Homeless people and psychiatric care.

SIR,-The last paragraph of Dr S L George and colleagues' paper on their census ofsingle homeless people in Sheffield gives the impression that large numbers of long stay patients in psychiatric hospitals have been discharged to live in "reception centres, in substandard rented accommodation, or on the street."' By contrast, we did not find that any of the long stay patients in hospital in the same city in 1982 were homeless at follow up eight years later.2 Evidence is accumulating that the outcome of resettling long stay psychiatric patients is perhaps not as bad as some campaigning organisations feared. For example, in New South Wales not one of 208 long stay patients discharged into supported accommodation had drifted to a refuge for the homeless at follow up at 21 months.' In a companion study, similar in design to the census in Sheffield, hospital records for a cohort of homeless men in a refuge showed that only three of the 22 residents with schizophrenia had had a prolonged admission to a psychiatric hospital.4 Admissions for the remaining 19 had been brief and frequent, but the duration of stay in hospital had not altered appreciably over the years.

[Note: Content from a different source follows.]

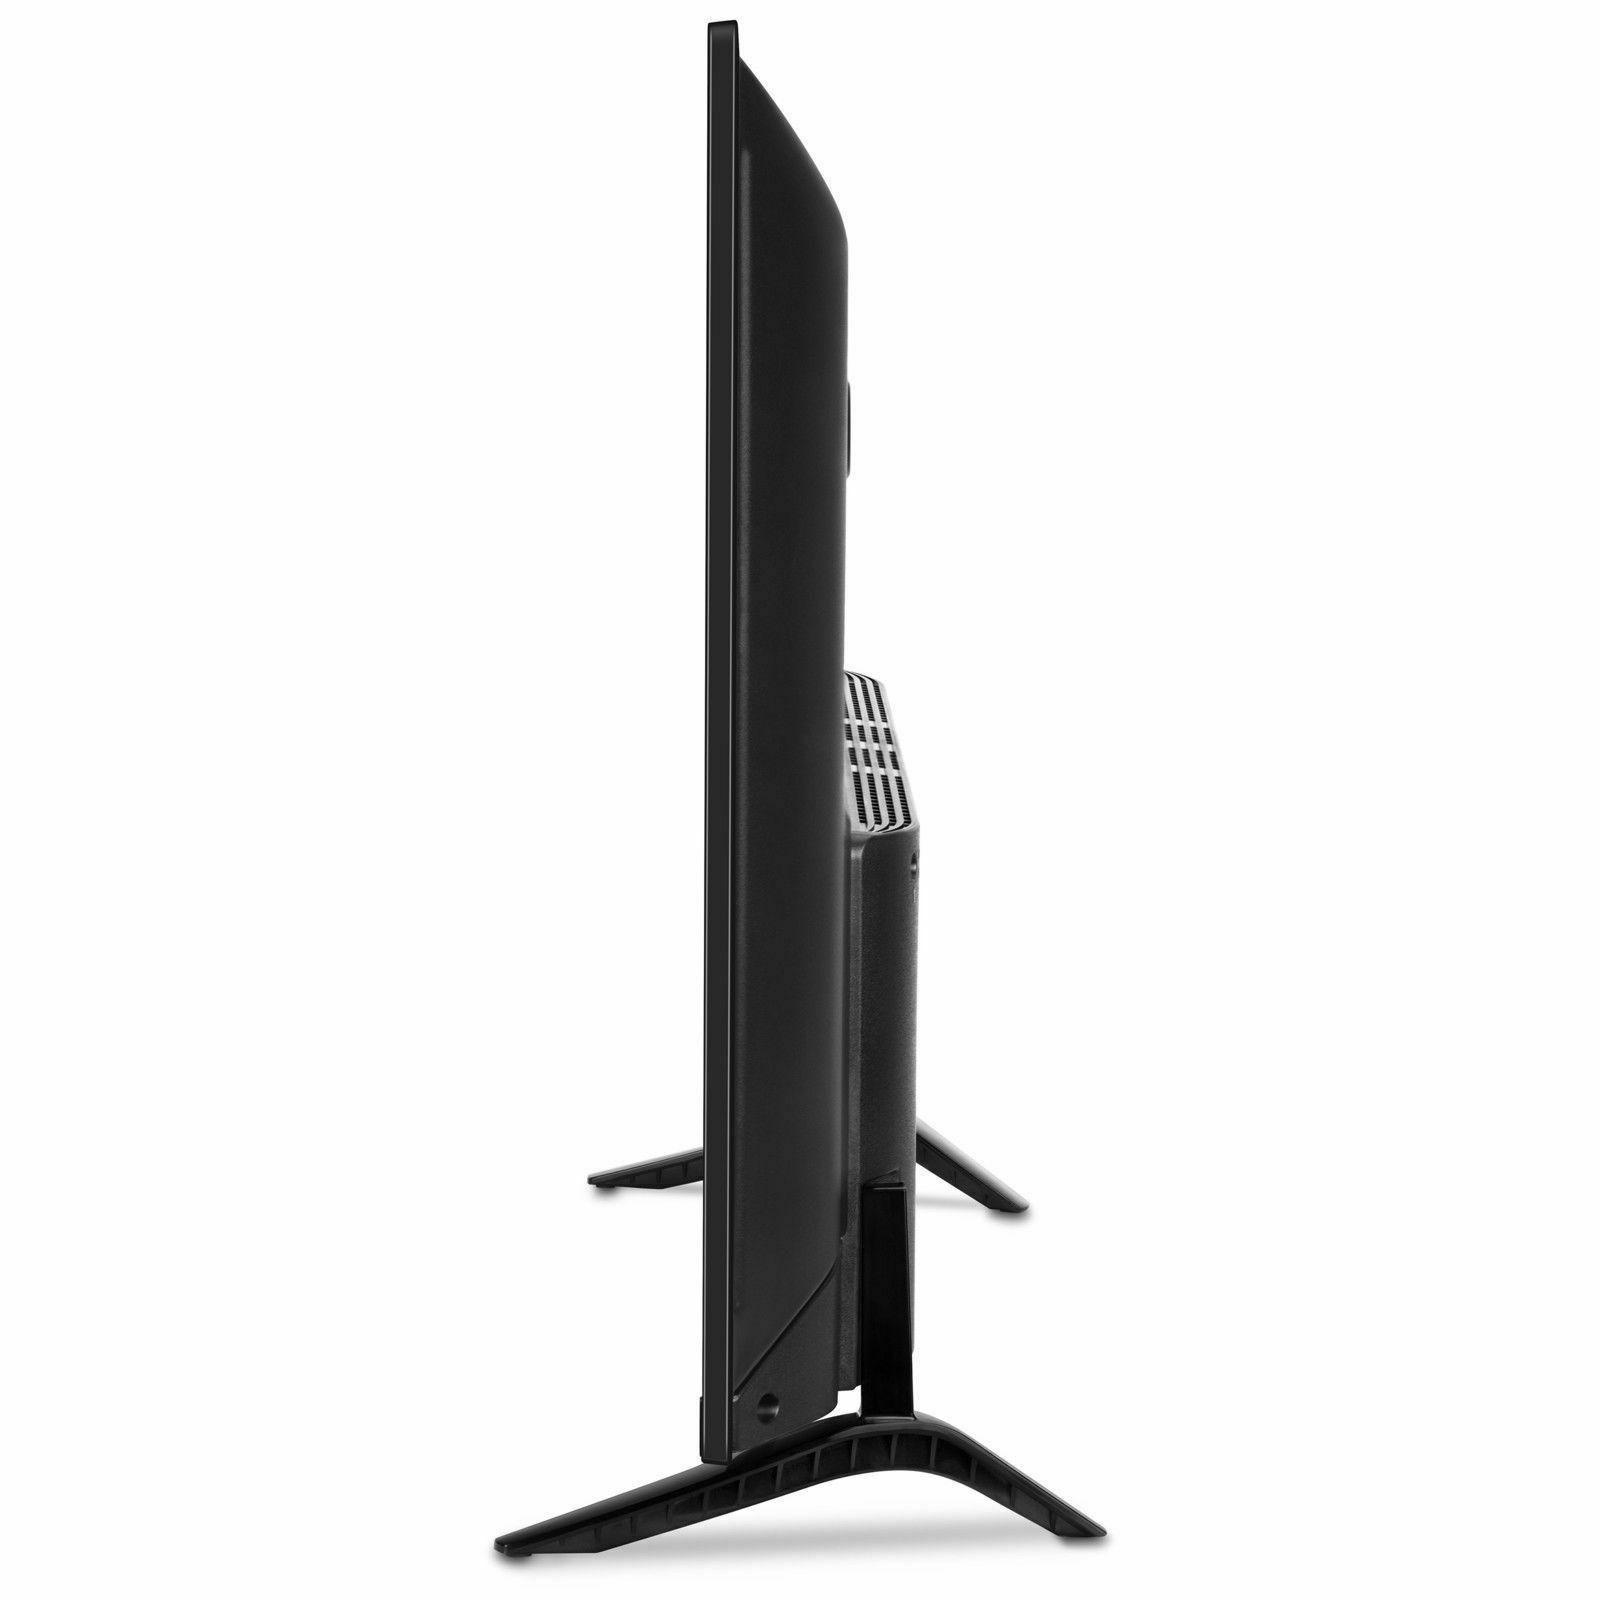 Skyworth LED TV freestanding

It would be interesting if psychiatric records for the people studied in the Sheffield census were available for comparison. They may show that the population in the census did not generally come from long stay wards. In evaluating evidence about homelessness and the fate of discharged psychiatric patients it is important to distinguish between the needs of long stay patients who have been discharged and the needs of people who may no longer be able to get psychiatric care. My concern is that the results of surveys of homeless people are being interpreted as showing that traditional psychiatric hospitals should be preserved.5 Government policy recognises the need for "asylum," but this can be arranged in smaller, well staffed units.